* _Your instructions_:
Exactly the lines from the one containing "CEO ALO Media" through the final line of the data below, with pictures omitted, make up the answer.

[Opening Source material section]

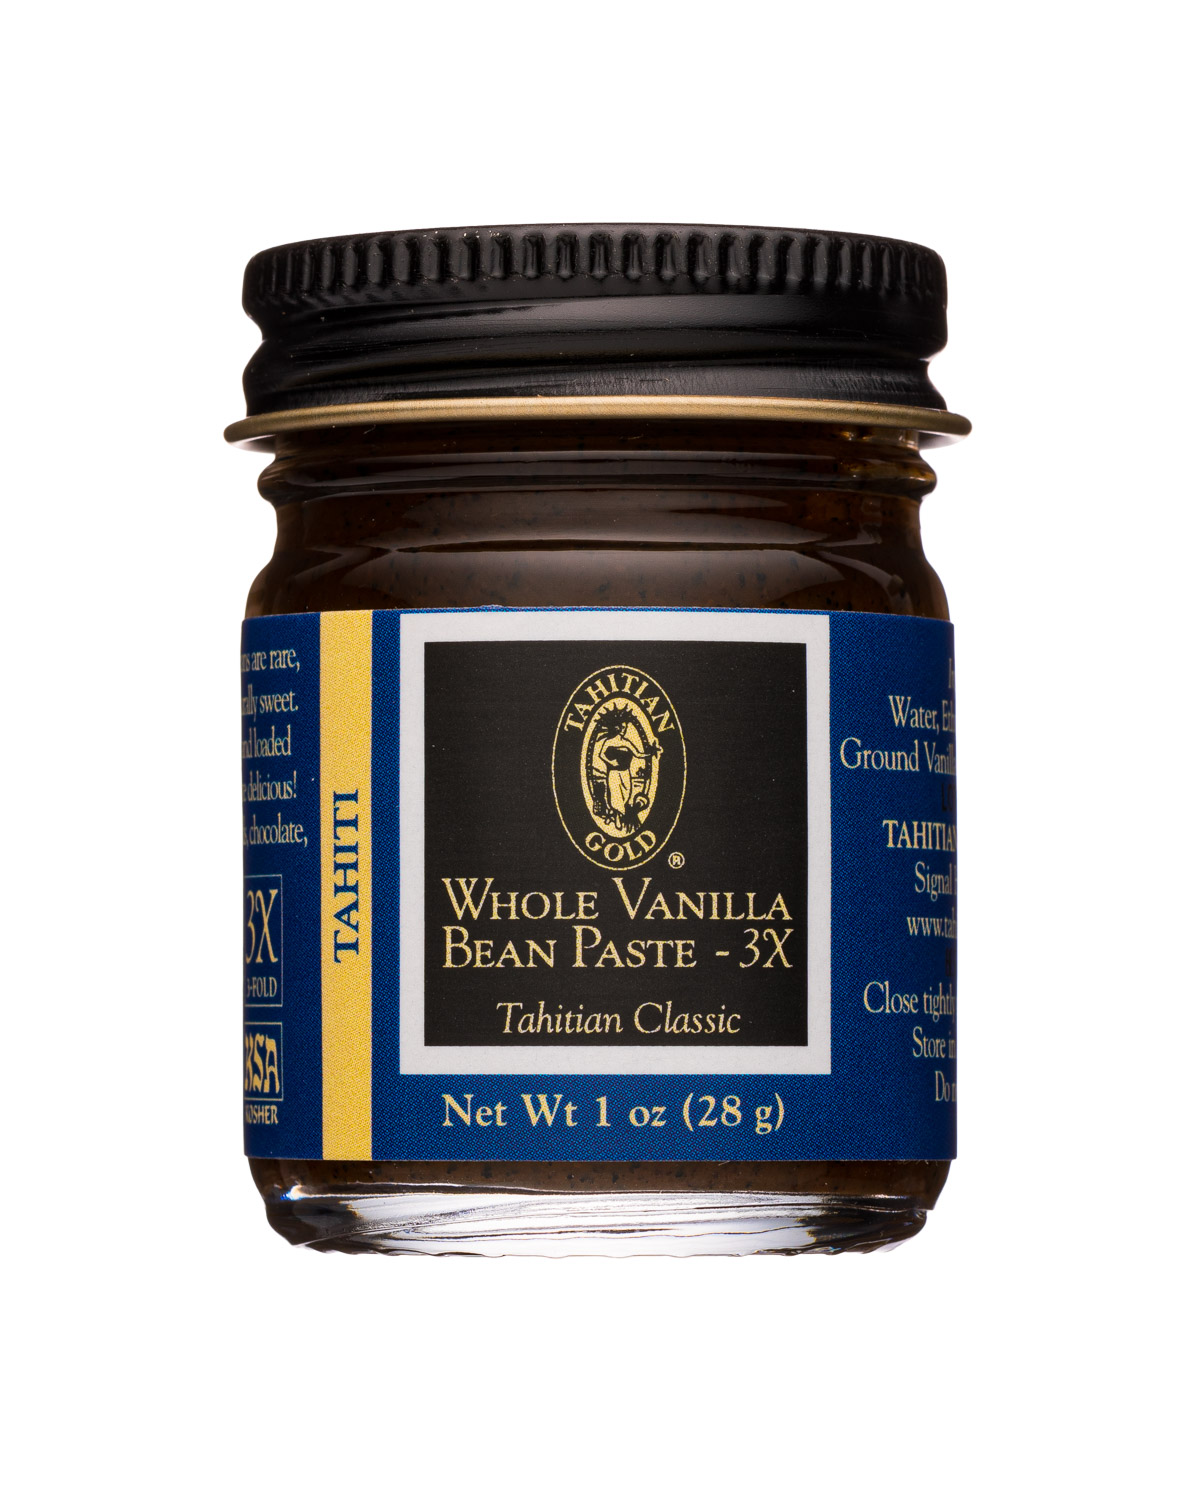 Whole Vanilla Bean Paste 3X- Tahitian Classic (Tahiti)
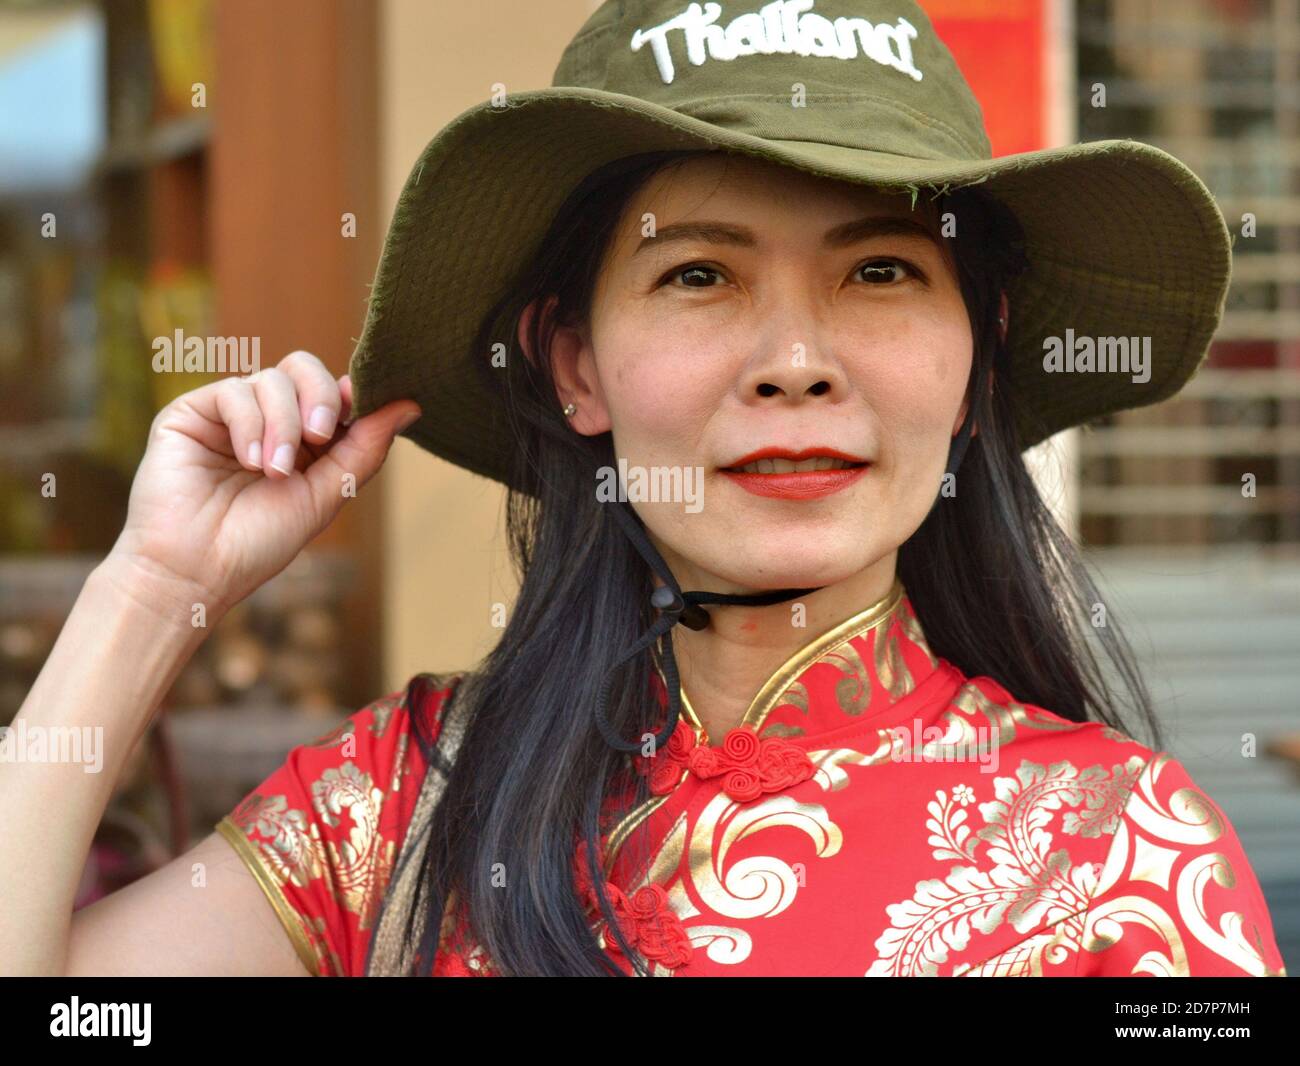 Die Thailändische Chinesin mittleren Alters trägt ein traditionelles chinesisches Kleid in Rot und Gold (Cheongsam) und einen grünen, breitkrempigen Thailand-Souvenir-Buschhut. Stockfoto
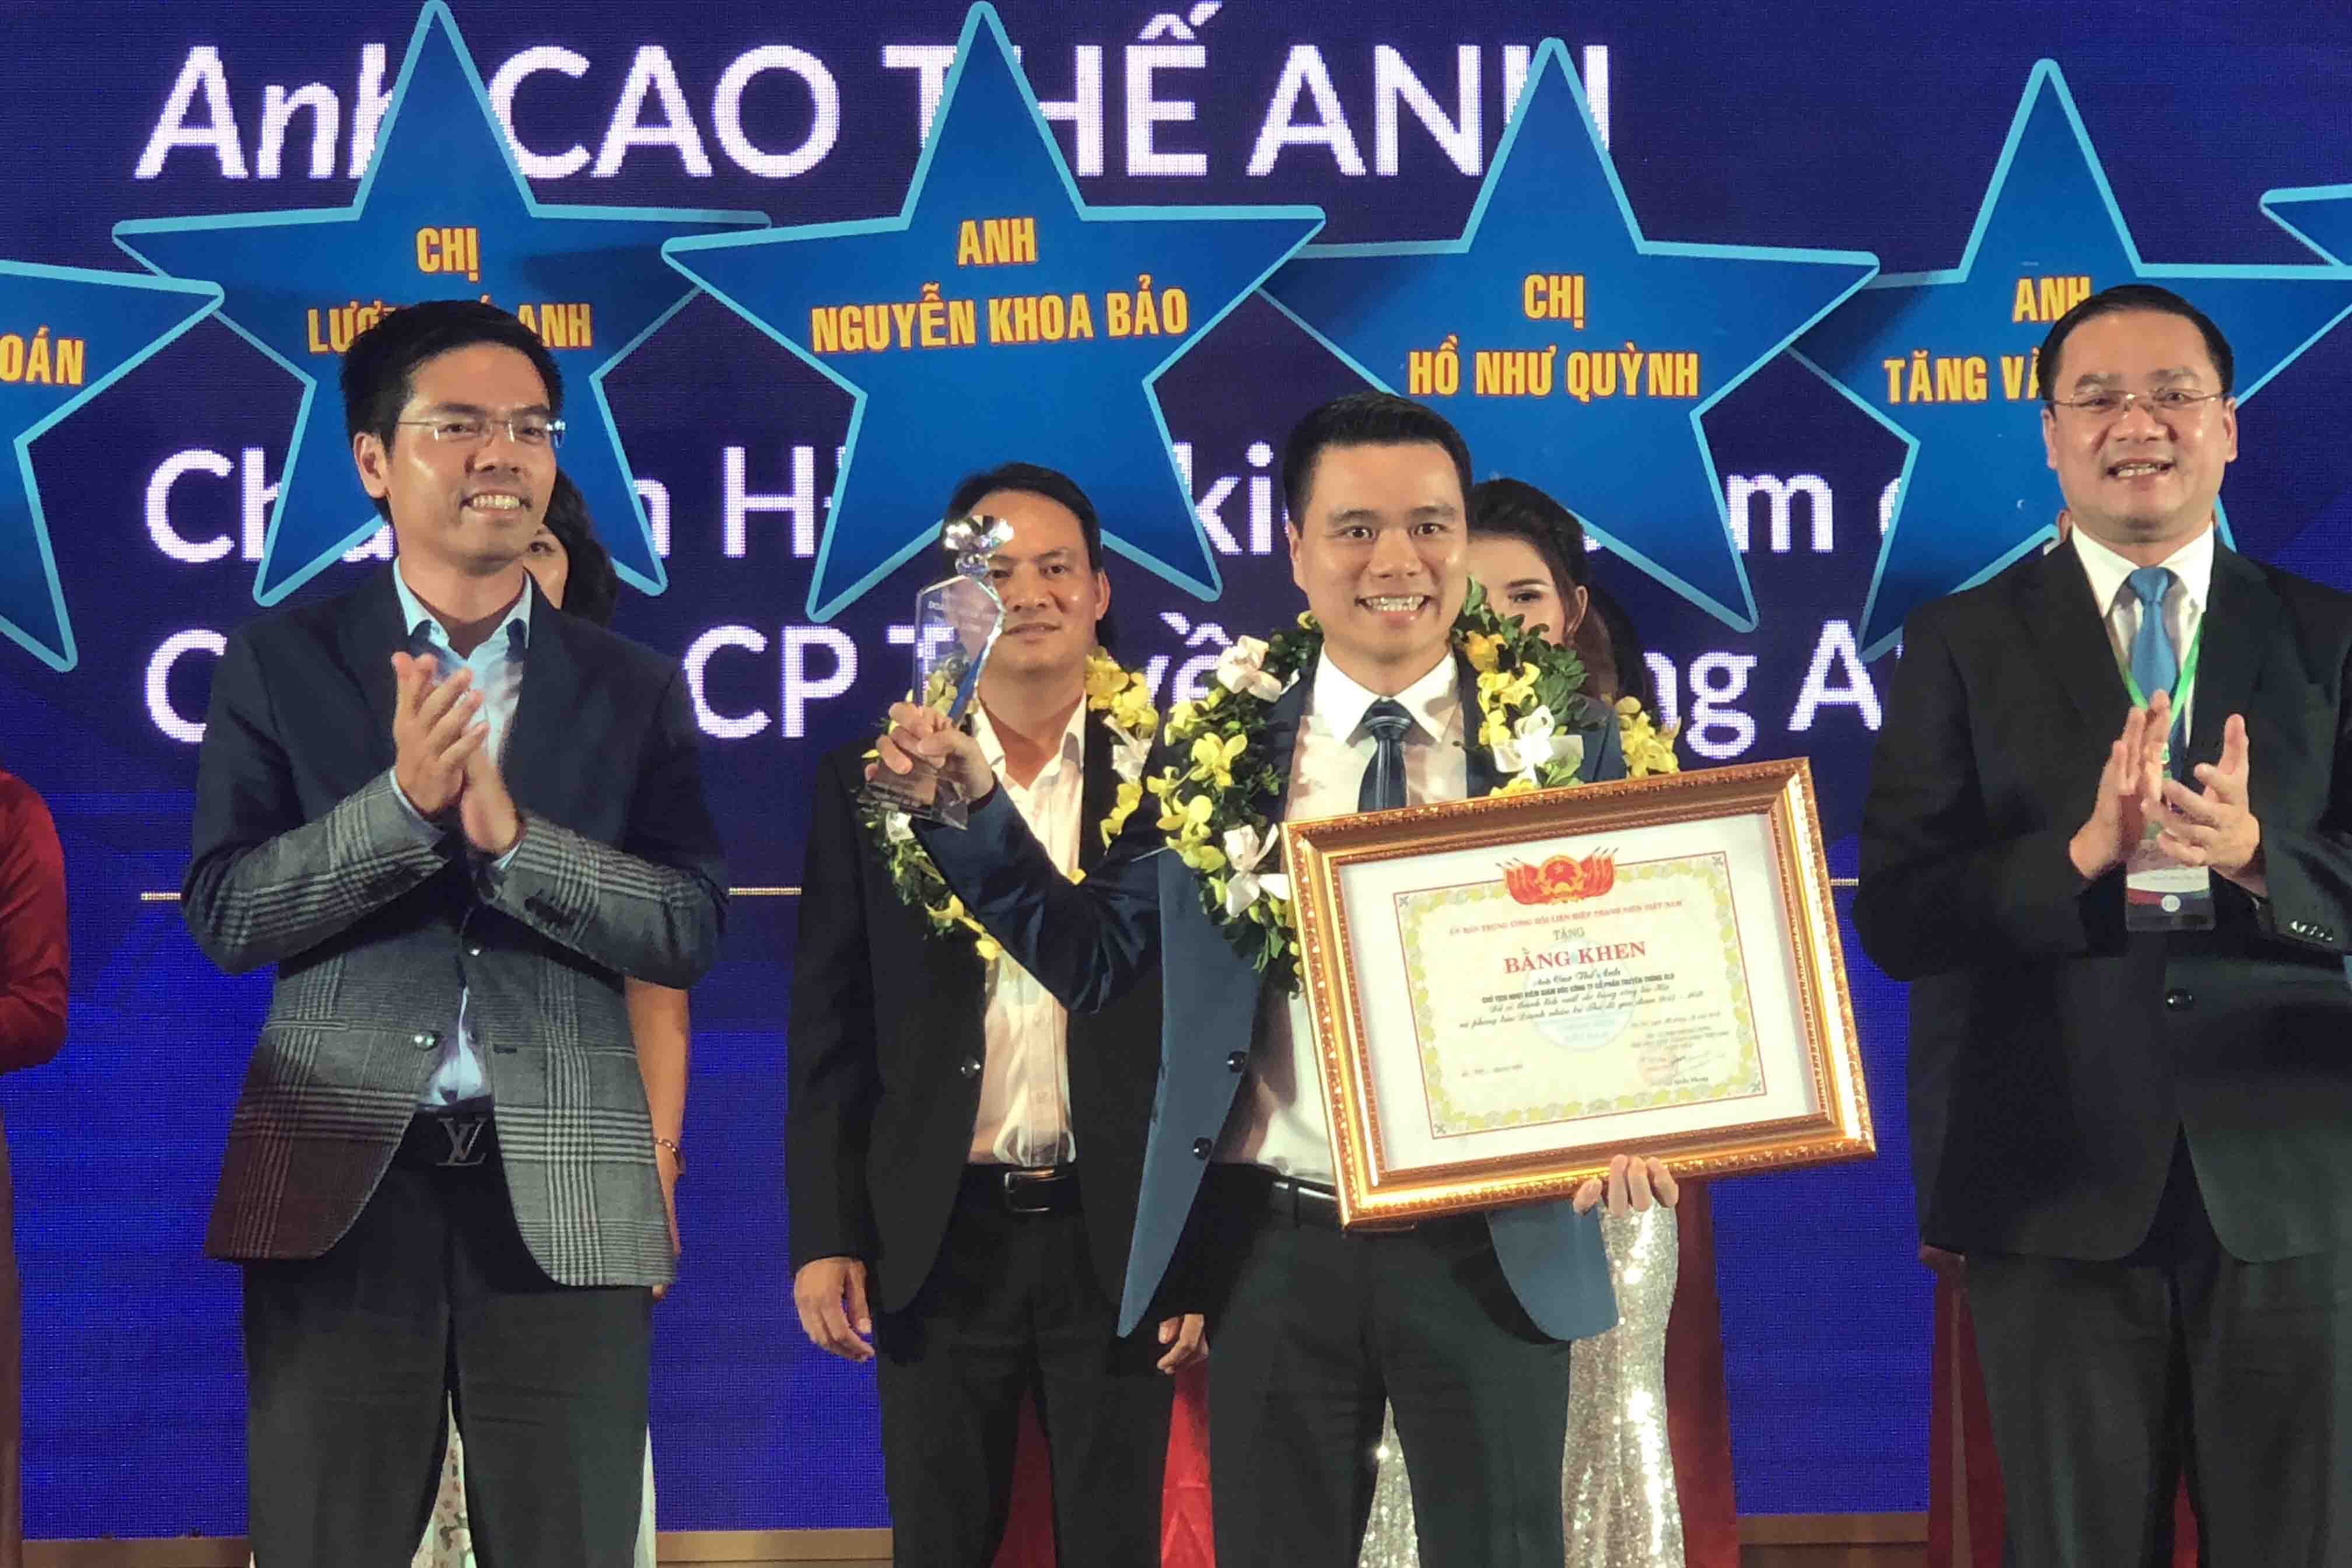 CEO ALO Media – Doanh nhân trẻ Hà Nội không ngại cạnh tranh sòng phẳng
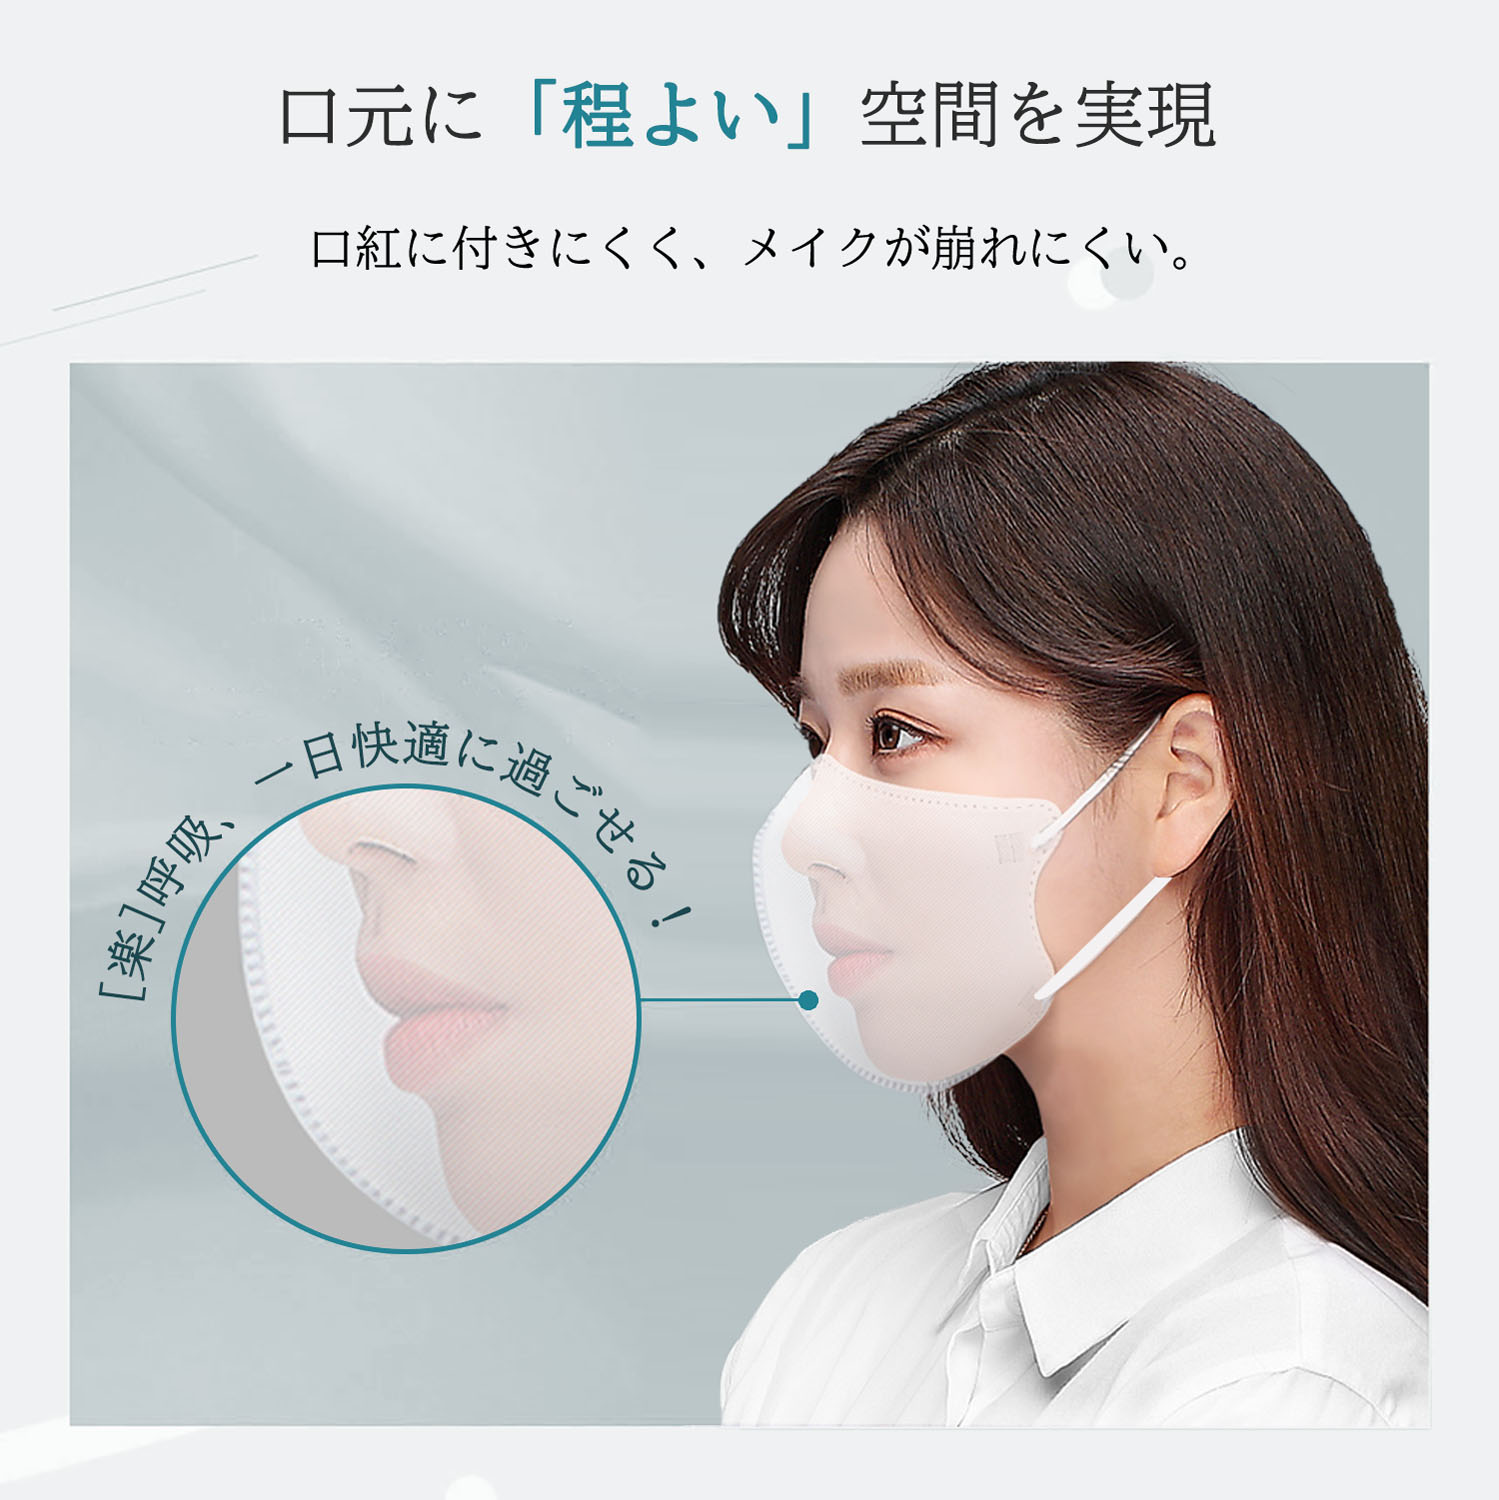 立体マスク 3D 不織布 日本製 カラー くちばし 20枚(10枚入*2袋) 小顔 使い捨て メガネが曇りにくい 呼吸しやすい 口紅に付かない 耳が痛くならない 熱中症対策917535

[Closing Source material section]

* _Completed task_:
 CEO ALO Media – Doanh nhân trẻ Hà Nội không ngại cạnh tranh sòng phẳng
 立体マスク 3D 不織布 日本製 カラー くちばし 20枚(10枚入*2袋) 小顔 使い捨て メガネが曇りにくい 呼吸しやすい 口紅に付かない 耳が痛くならない 熱中症対策917535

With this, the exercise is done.